Langfuse integration for Haystack
Module haystack_integrations.components.connectors.langfuse.langfuse_connector
LangfuseConnector
LangfuseConnector connects Haystack LLM framework with Langfuse in order to enable the tracing of operations and data flow within various components of a pipeline.
Simply add this component to your pipeline, but do not connect it to any other component. The LangfuseConnector will automatically trace the operations and data flow within the pipeline.
Note that you need to set the LANGFUSE_SECRET_KEY
and LANGFUSE_PUBLIC_KEY
environment variables in order
to use this component. The LANGFUSE_SECRET_KEY
and LANGFUSE_PUBLIC_KEY
are the secret and public keys provided
by Langfuse. You can get these keys by signing up for an account on the Langfuse website.
In addition, you need to set the HAYSTACK_CONTENT_TRACING_ENABLED
environment variable to true
in order to
enable Haystack tracing in your pipeline.

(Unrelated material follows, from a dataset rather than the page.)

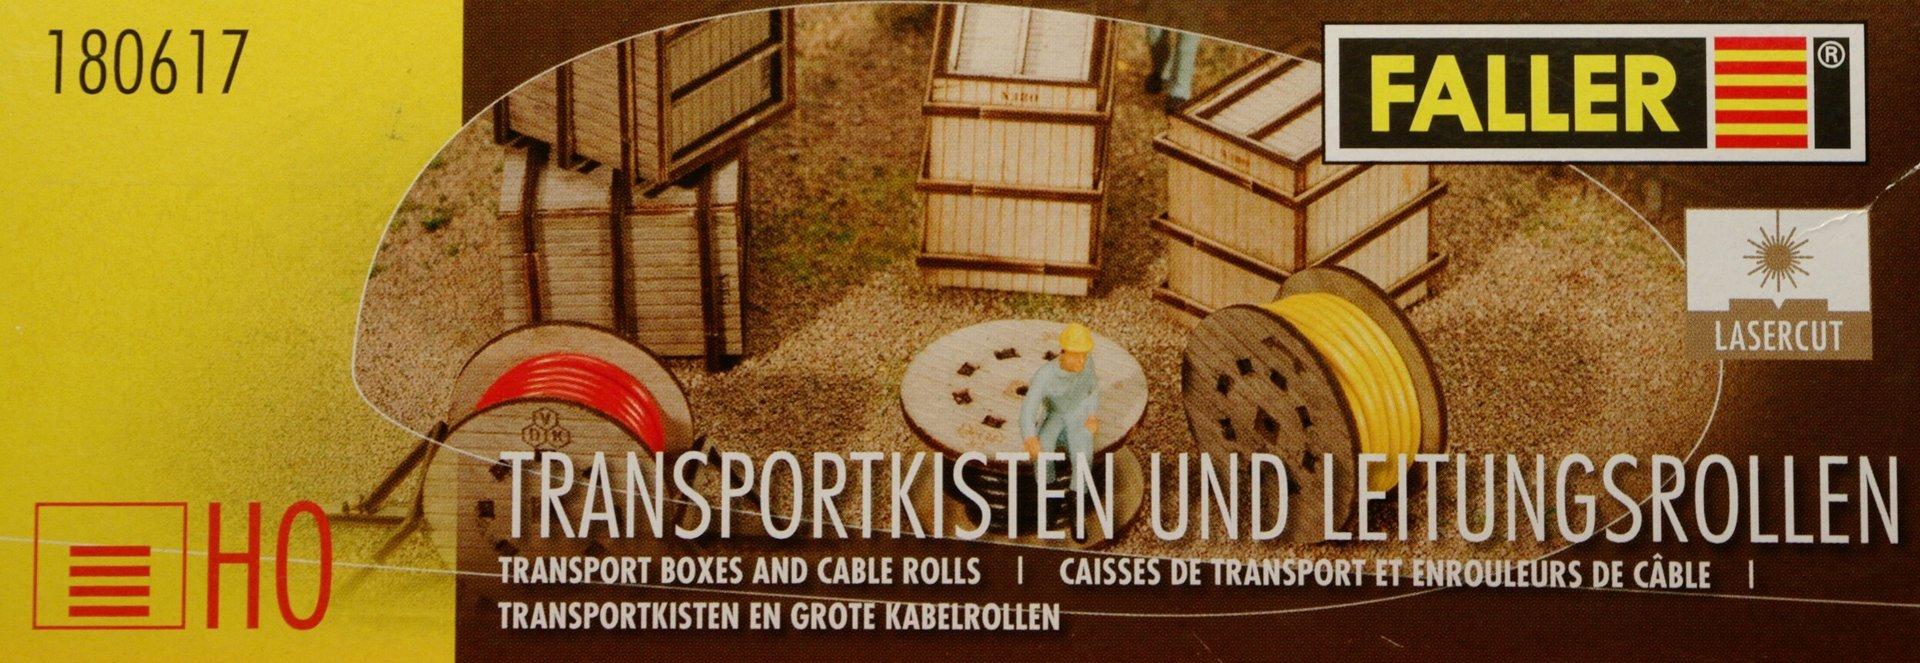 Faller 180617 Transportkisten und Leitungsrollen

Lastly, you may disable flushing the data after each component by setting the HAYSTACK_LANGFUSE_ENFORCE_FLUSH
environent variable to false
. By default, the data is flushed after each component and blocks the thread until
the data is sent to Langfuse. Caution: Disabling this feature may result in data loss if the program crashes
before the data is sent to Langfuse. Make sure you will call langfuse.flush() explicitly before the program exits.
E.g. by using tracer.actual_tracer.flush():
from haystack.tracing import tracer
try:
# your code here
finally:
tracer.actual_tracer.flush()
or in FastAPI by defining a shutdown event handler:
from haystack.tracing import tracer
# ...
@app.on_event("shutdown")
async def shutdown_event():
tracer.actual_tracer.flush()
Here is an example of how to use it:
import os
os.environ["HAYSTACK_CONTENT_TRACING_ENABLED"] = "true"
from haystack import Pipeline
from haystack.components.builders import ChatPromptBuilder
from haystack.components.generators.chat import OpenAIChatGenerator
from haystack.dataclasses import ChatMessage
from haystack_integrations.components.connectors.langfuse import (
LangfuseConnector,
)
if __name__ == "__main__":
pipe = Pipeline()
pipe.add_component("tracer", LangfuseConnector("Chat example"))
pipe.add_component("prompt_builder", ChatPromptBuilder())
pipe.add_component("llm", OpenAIChatGenerator(model="gpt-3.5-turbo"))
pipe.connect("prompt_builder.prompt", "llm.messages")
messages = [
ChatMessage.from_system(
"Always respond in German even if some input data is in other languages."
),
ChatMessage.from_user("Tell me about {{location}}"),
]
response = pipe.run(
data={
"prompt_builder": {
"template_variables": {"location": "Berlin"},
"template": messages,
}
}
)
print(response["llm"]["replies"][0])
print(response["tracer"]["trace_url"])
LangfuseConnector.__init__
def __init__(name: str,
public: bool = False,
public_key: Optional[Secret] = Secret.from_env_var(
"LANGFUSE_PUBLIC_KEY"),
secret_key: Optional[Secret] = Secret.from_env_var(
"LANGFUSE_SECRET_KEY"),
httpx_client: Optional[httpx.Client] = None)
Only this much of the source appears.